CONCLUSION: The double booster pups maintained a higher immune response throughout the period of the study compared to single booster pups though the difference in titers was not statistically significant. SNT results indicated that the raised antibody titer was also able to yield virus-neutralizing antibodies. No interfering maternally derived antibodies were found in the pups at the age of primary vaccination (45th day) in our study. Therefore, the second booster vaccination may be useful in maintaining the protective titer for a prolonged period. Copyright: © Vasu, et al.

Introduction

Canine parvovirus (CPV) is an important pathogenic virus and is the causative agent of acute hemorrhagic enteritis and myocarditis in dogs. It is highly contagious and often a fatal disease. CPV-2 was first recognized in 1977 and since then, it has been well established as an enteric pathogen of dogs throughout the world with high morbidity (100%) and frequent mortality up to 10% [1]. After the emergence of CPV in the late 1970s [1,2], due to rapid evolution, new antigenic types were evolved as CPV-2a, CPV-2b (CPV2a with Asn426Asp), and CPV-2c (CPV2a with Asn426Glu) and have completely replaced the original CPV-2 [3]. At present, the original CPV-2 is not found in dog population but present only in vaccine formulations [3,4]. Commonly, CPV causes disease in unvaccinated 1-6-month-old pups. Vaccinated pups are usually protected from the disease and from infection, unless immunization fails due to the presence of high titers of maternally derived antibodies (MDAs) [5,6]. The pups with MDA titers ≥1:20 may fail to be immunized successfully and remain susceptible to infection. Maternally derived hemagglutination inhibition (HI) antibody titers ≥1:80 are believed to protect pups from infection, while titers between 1:20 and 1:80 are too low to provide protection, but high enough to prevent active immunization [7]. Earlier, one CPV-2b based vaccine was available in India, but now only CPV-2 based vaccines are widely used for immunoprophylaxis of pups. Recent studies showed that the CPV strains isolated from the field are clustering away from the vaccine strains [8]. Moreover, an increasing proportion of CPV vaccinated dogs was found susceptible to infection in India raising serious concern about the efficacy of the vaccine strains and vaccination process [9].
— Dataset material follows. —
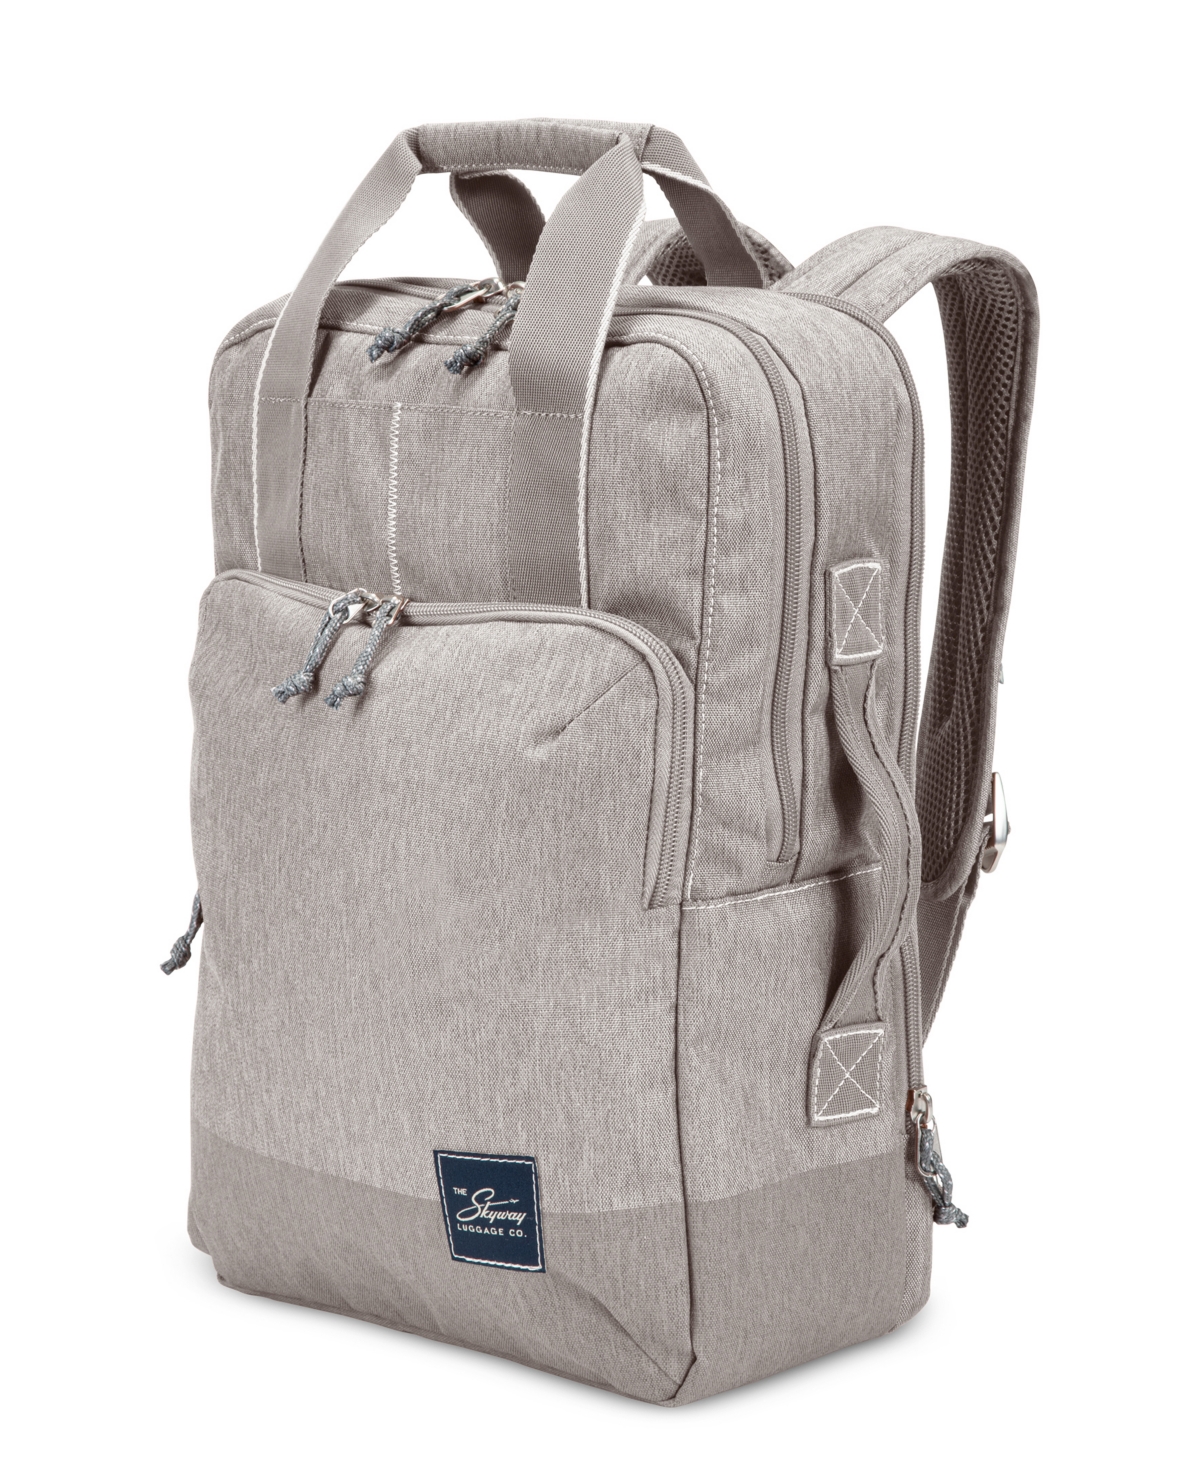 Skyway Rainier Deluxe Backpack, 17" In Zion Gray

Most puppies in many countries are first vaccinated with a multivalent vaccine against CPV, canine distemper virus, canine adenovirus type 2, canine parainfluenza virus, and leptospirosis when they are between 6 and 8 weeks of age, with booster vaccinations being given every 3-4 weeks until the age of 16 weeks and possibly 24 weeks in high-risk breeds. All the dogs should receive a booster 1 year after completion of the initial series followed by booster every 3 years [10]. It should be a common practice to avoid direct or indirect contact with potential sources of infection such as other dogs until 1–2 weeks after completion of this course of vaccination.

Additional inoculation of adult dogs with these vaccines is performed annually or as required by the veterinarians’ experience, the rearing environment and the owner’s wish in the hope of a booster effect in the animal’s antibody titer [11]. In addition, some owners and veterinarians erroneously hold the view that infectious diseases such as parvovirus infection can be controlled by frequent vaccination alone [12] and perceive all vaccination programs to be protective for puppies under all circumstances.

Concerns regarding the influence of MDA have also prompted general opposition by practitioners to vaccination at early ages. Both high-titer CPV vaccines and intranasal vaccine administration proved to be good strategies to overcome the problem of MDA interference [7,13]. However, evaluation of the MDA levels in pups would be a more precise approach, establishing the appropriate time for vaccination on the basis of the actual immune status of the animals, rather than relying on a standardized schedule [14]. Evaluation and monitoring of post-vaccine immune responses may also help to determine the efficacy of the current vaccination schedule being followed in pups in India.

This study aimed to evaluate and monitor the pre- and post-vaccine immune responses of CPV vaccinated pups using HI assay. The neutralizing antibody titer levels were also detected using serum neutralization test (SNT).

Materials and Methods

Ethical approval

Ethical approval was not necessary for this study. However, samples were collected as per standard collection procedure without harming or giving stress to the animals.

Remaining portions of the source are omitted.